3. Product and Service Enhancement: The insights from the model can guide product development by highlighting services (e.g., online security) that may have a significant impact on customer retention. Offering improved or additional services could increase customer engagement and encourage long-term commitments.

4. Proactive Interventions: With a predictive model in place, the company can implement proactive interventions by identifying customers who may be at risk of leaving. Early intervention strategies, such as personalized offers or improved customer support, can help extend customer tenure and prevent churn.
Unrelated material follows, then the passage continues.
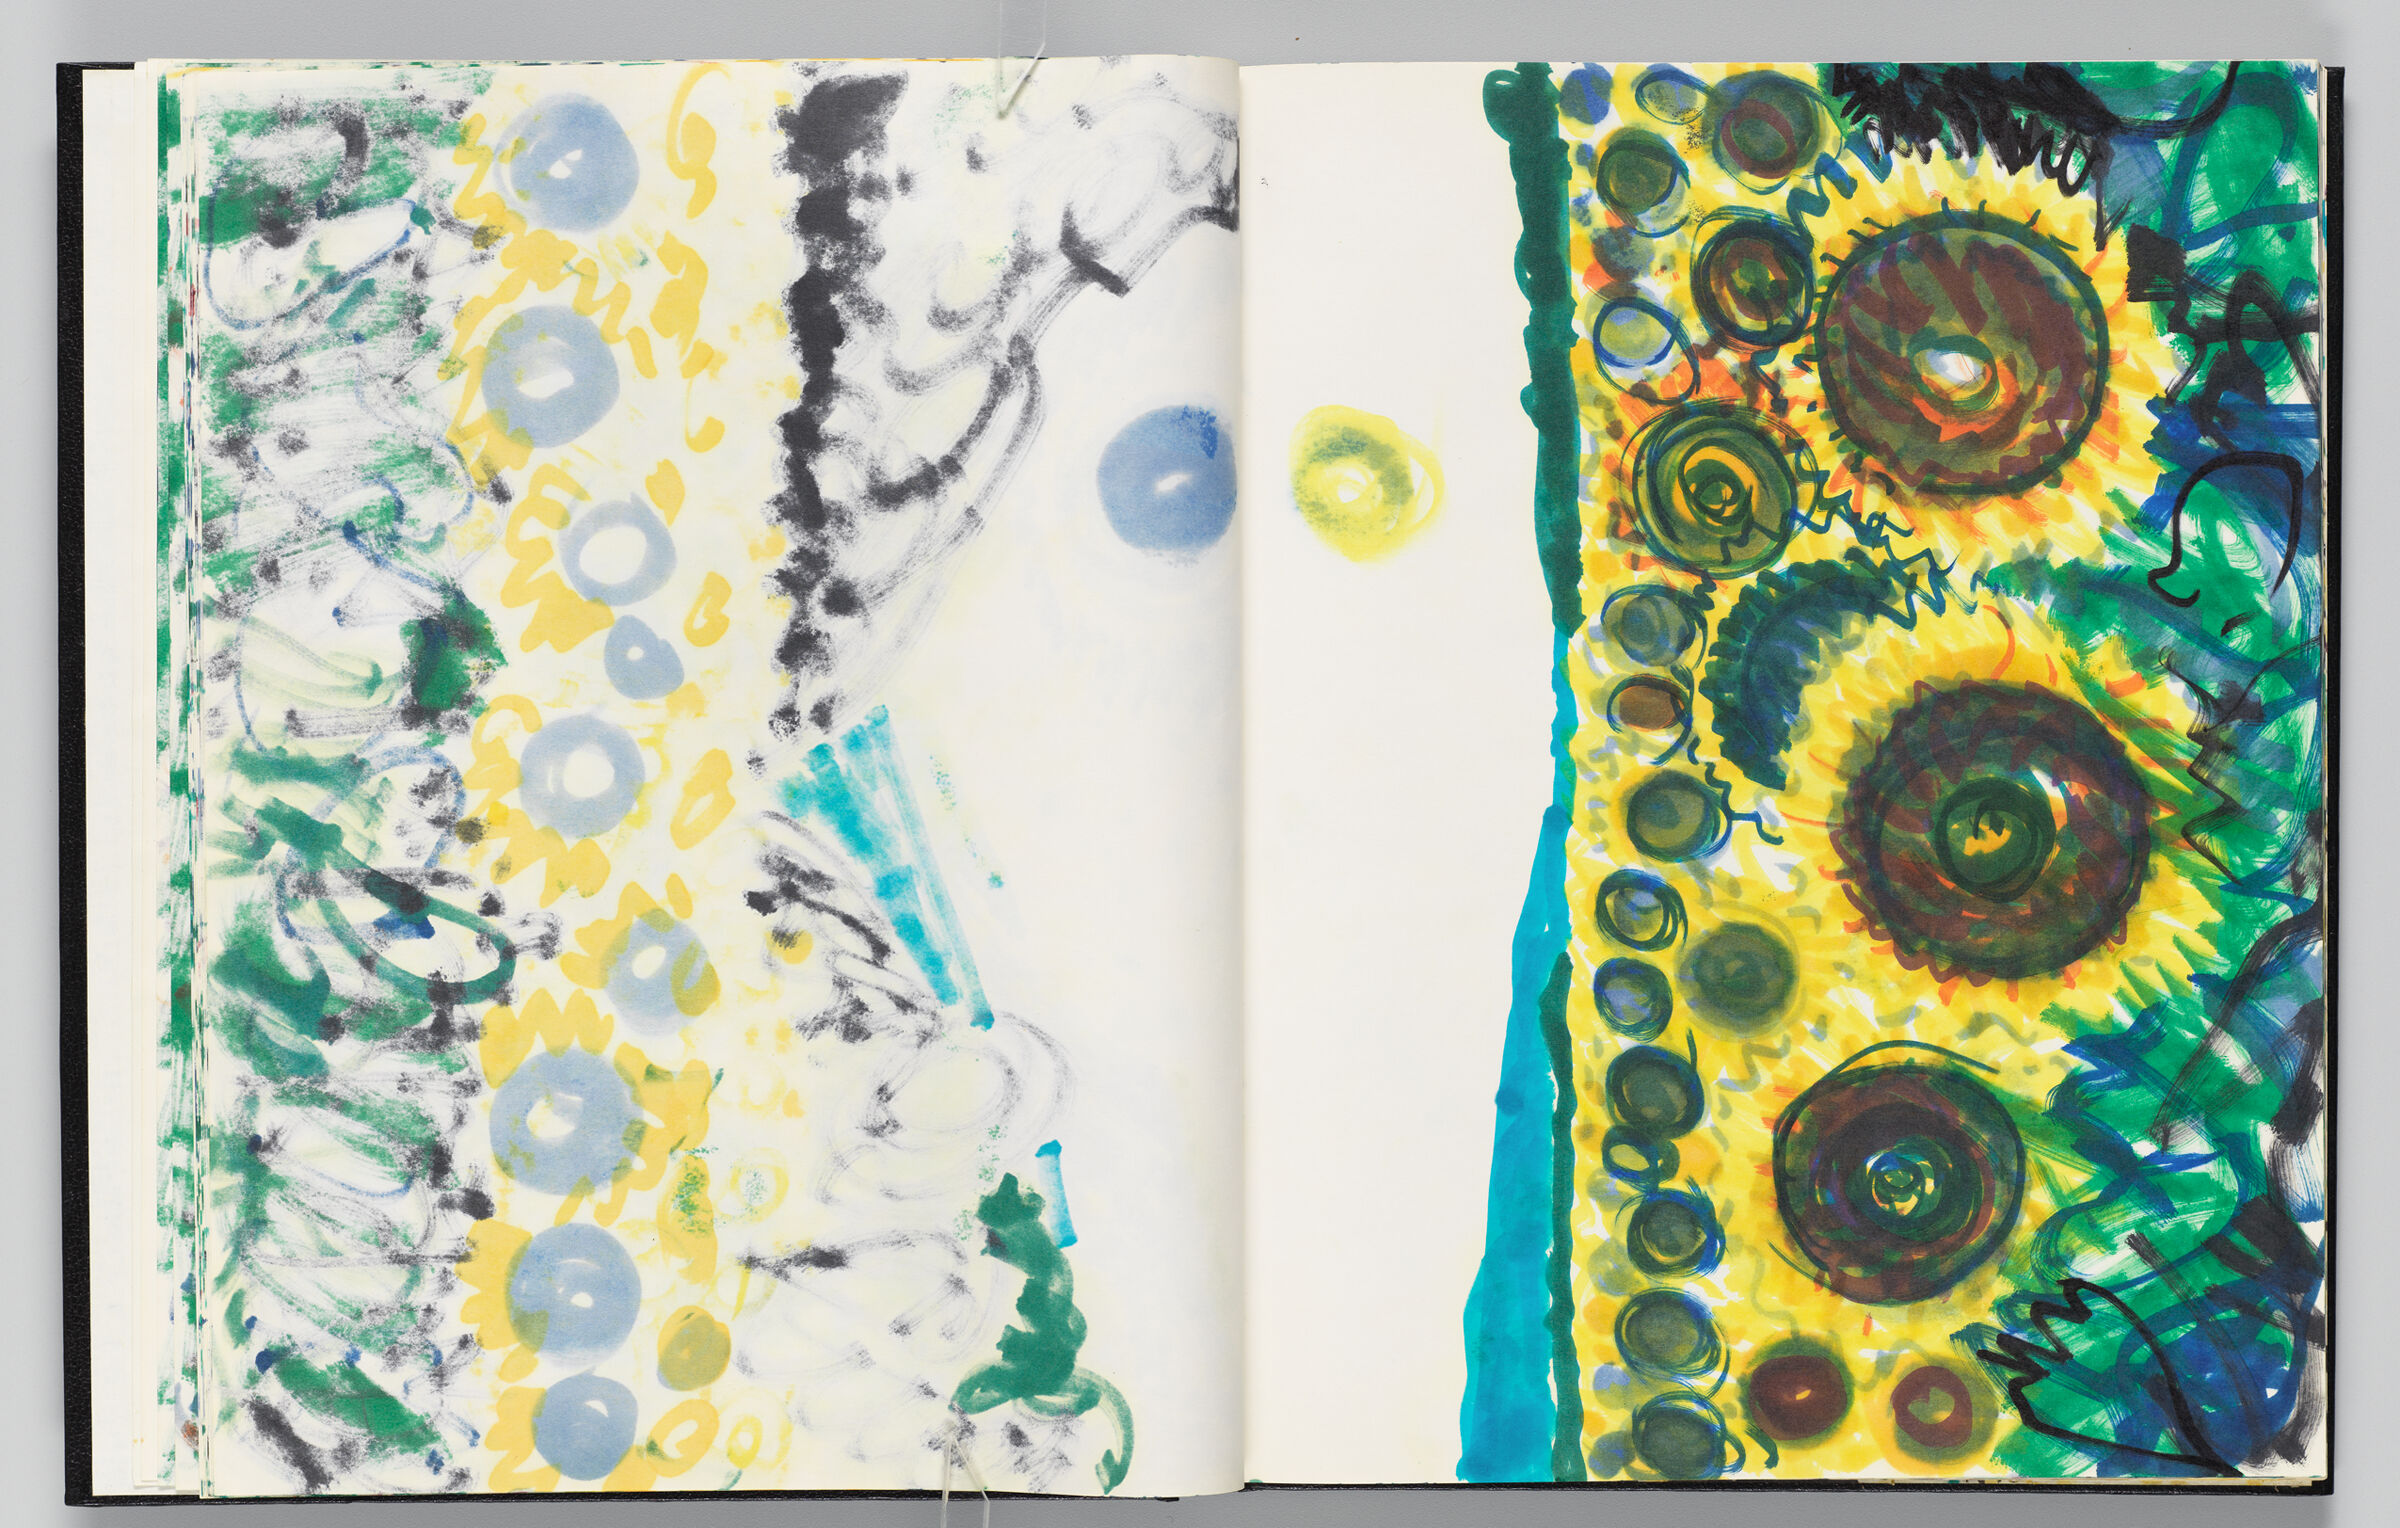 Untitled (Bleed-Through Of Previous Page, Left Page); Untitled (Landscape With Sunflowers, Right Page)

The results of the analysis suggest that the Decision Tree Regression model is a powerful tool for predicting customer tenure, providing valuable insights that can help the company strengthen its customer retention efforts, optimize resources, and potentially increase overall profitability.



###LIMITATION

One limitation of this data analysis is the potential for overfitting inherent in decision tree models. Although hyperparameter tuning (e.g., adjusting the maximum depth and minimum samples per leaf) was performed to mitigate this issue, decision trees are still prone to capturing noise or overly specific patterns in the training data. This can lead to a model that performs exceptionally well on the training set but may not generalize as effectively to new, unseen data. While the model's performance metrics, such as the high R-squared value and low MSE, suggest strong predictive power on the test set, there's a possibility that the model may struggle with different datasets or future customer data that exhibits new patterns or slight variations. This overfitting risk is especially pronounced when the dataset is relatively small or does not capture the full range of customer behaviors.



###COURSE OF ACTION

Based on the results and implications discussed in part E2, I recommend that the organization implement targeted retention strategies using the model's insights into key factors influencing customer tenure, such as monthly charges, bandwidth usage, age, and online security features. Customers with shorter predicted tenure should be offered personalized incentives, such as discounts or additional services, to extend their relationship with the company. Additionally, the company should focus on improving high-impact services like Online Security, which could strengthen customer loyalty. Resource allocation should be optimized by concentrating efforts on customers more likely to churn, thus reducing costs and improving the effectiveness of retention strategies. Proactive customer engagement, such as setting up alerts to flag at-risk customers, would allow the company to address issues early and potentially prevent churn. It is also important to regularly monitor and retrain the model as new data becomes available to ensure its continued relevance. Moreover, considering the use of ensemble techniques like Random Forests could further enhance prediction accuracy and reliability, enabling more effective retention efforts. These actions, driven by the model's predictions, can help the organization reduce churn, improve customer retention, and enhance overall profitability.